OpenSoundscape’s BirdNET classifier achieves 85-90% precision for common North American and European bird species at confidence thresholds above 0.7. PAMGuard’s whistle detectors are routinely used as primary detection methods in regulatory contexts, validated against manual analysis with >95% recall for delphinid whistles. However, rare species and complex soundscapes still benefit from human verification of automated detections.

Can I build a city-wide noise monitoring network with these tools?

Yes. NoiseModelling processes noise data from distributed measurement networks. Pair it with a mobile measurement app like NoiseCapture (Android) to collect citizen science data. The WPS interface allows municipalities to run periodic noise map updates via cron jobs, ingesting new traffic counts and sensor data automatically.

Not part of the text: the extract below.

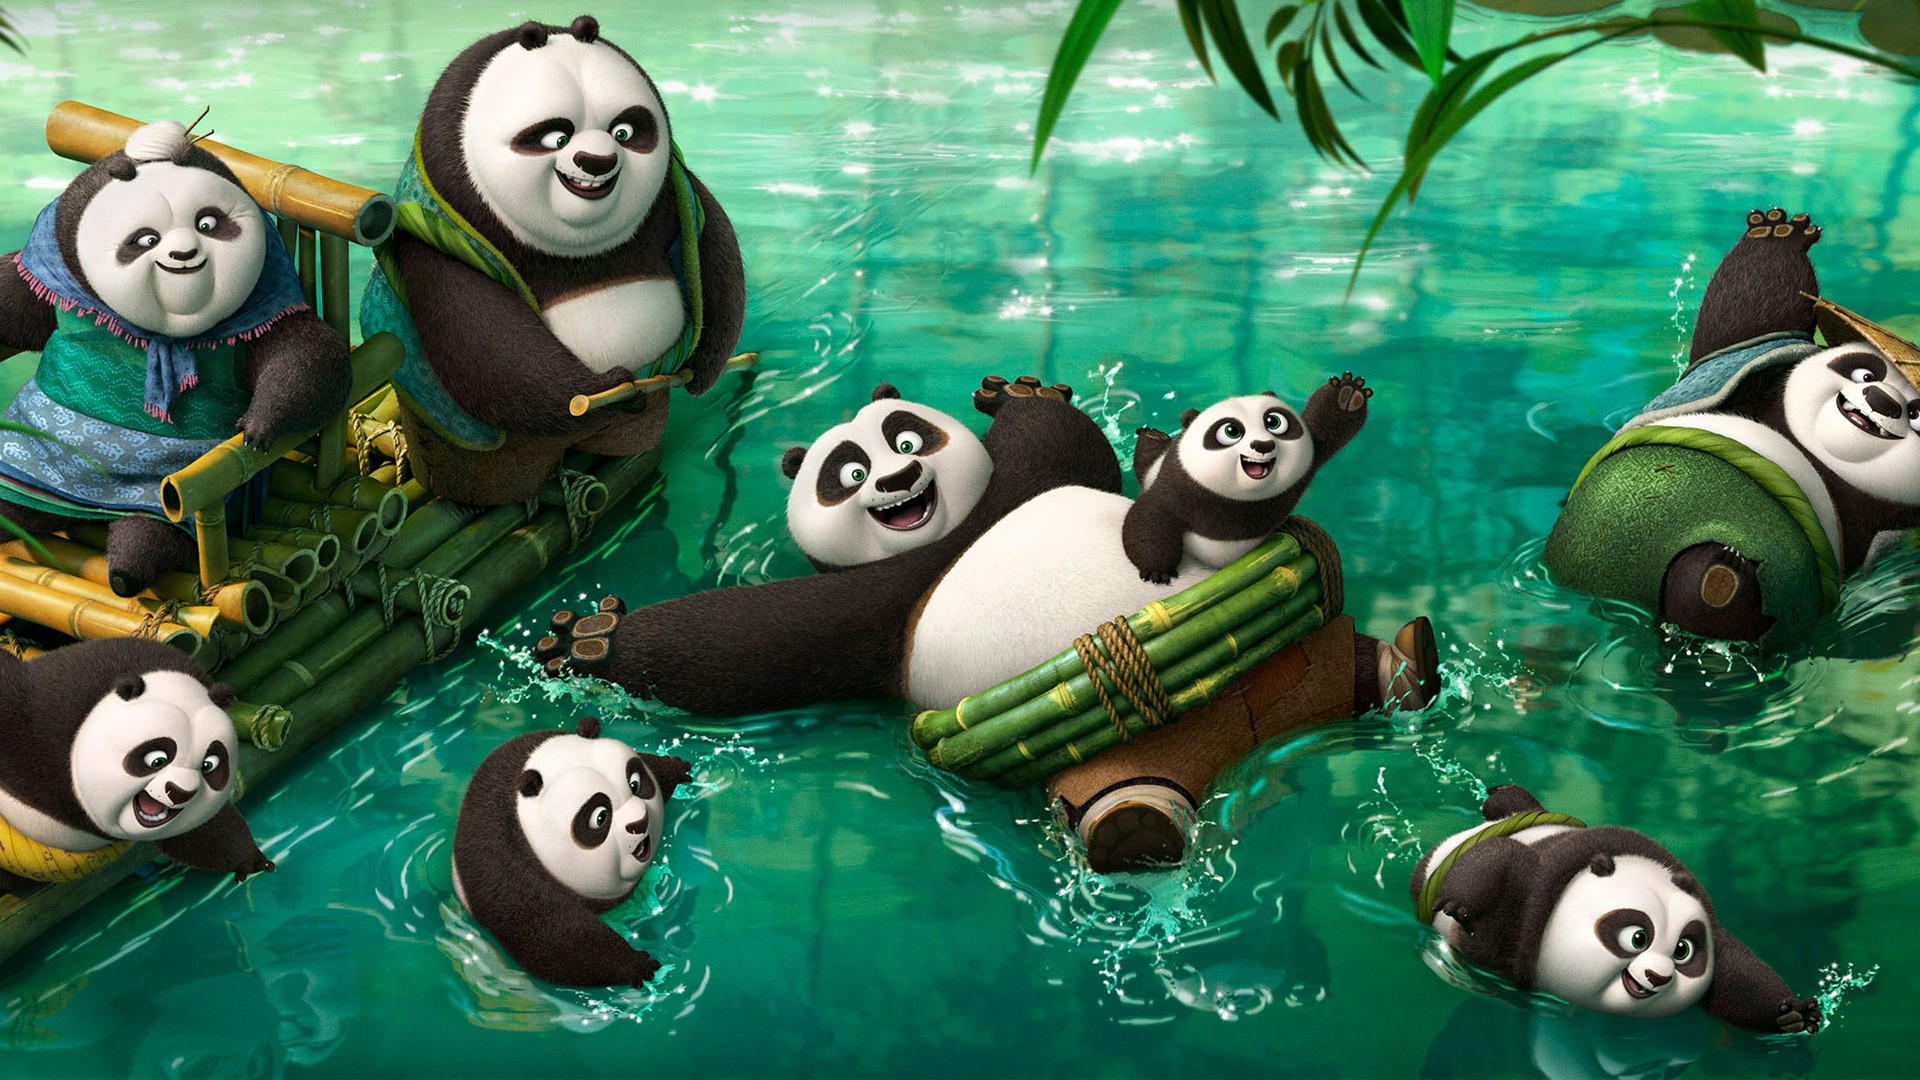 General 1920x1080 panda Kung Fu Panda movies animated movies

What hardware do I need for a self-hosted acoustic monitoring server?

For batch processing: a server with 32-64 GB RAM and 8+ CPU cores handles most workloads. NoiseModelling benefits from high single-thread performance for CNOSSOS-EU computations. OpenSoundscape with GPU acceleration (NVIDIA RTX 3060+) speeds up CNN classification 10-50x. PAMGuard requires minimal resources in viewer mode (<8 GB RAM) but real-time processing with multi-channel arrays needs dedicated DSP hardware.

How do these tools handle long-duration recordings (weeks to months)?

OpenSoundscape processes audio in configurable segments (default 3 seconds) and can handle multi-month recordings through chunked processing. PAMGuard supports continuous real-time monitoring with data managed in its binary storage system with database indexing for fast retrieval. NoiseModelling works with aggregated noise indicators rather than raw audio, making it efficient for long-term trend analysis.

Are there integration options with existing GIS and data management systems?

NoiseModelling exports to GeoTIFF, GeoJSON, and Shapefile for direct QGIS and ArcGIS integration. OpenSoundscape exports detection results as CSV with GPS timestamps for GIS mapping. PAMGuard’s database backend can be queried programmatically and its localization results export to KMZ for Google Earth visualization. All three tools support standard scientific data formats for integration with data repositories and electronic lab notebooks.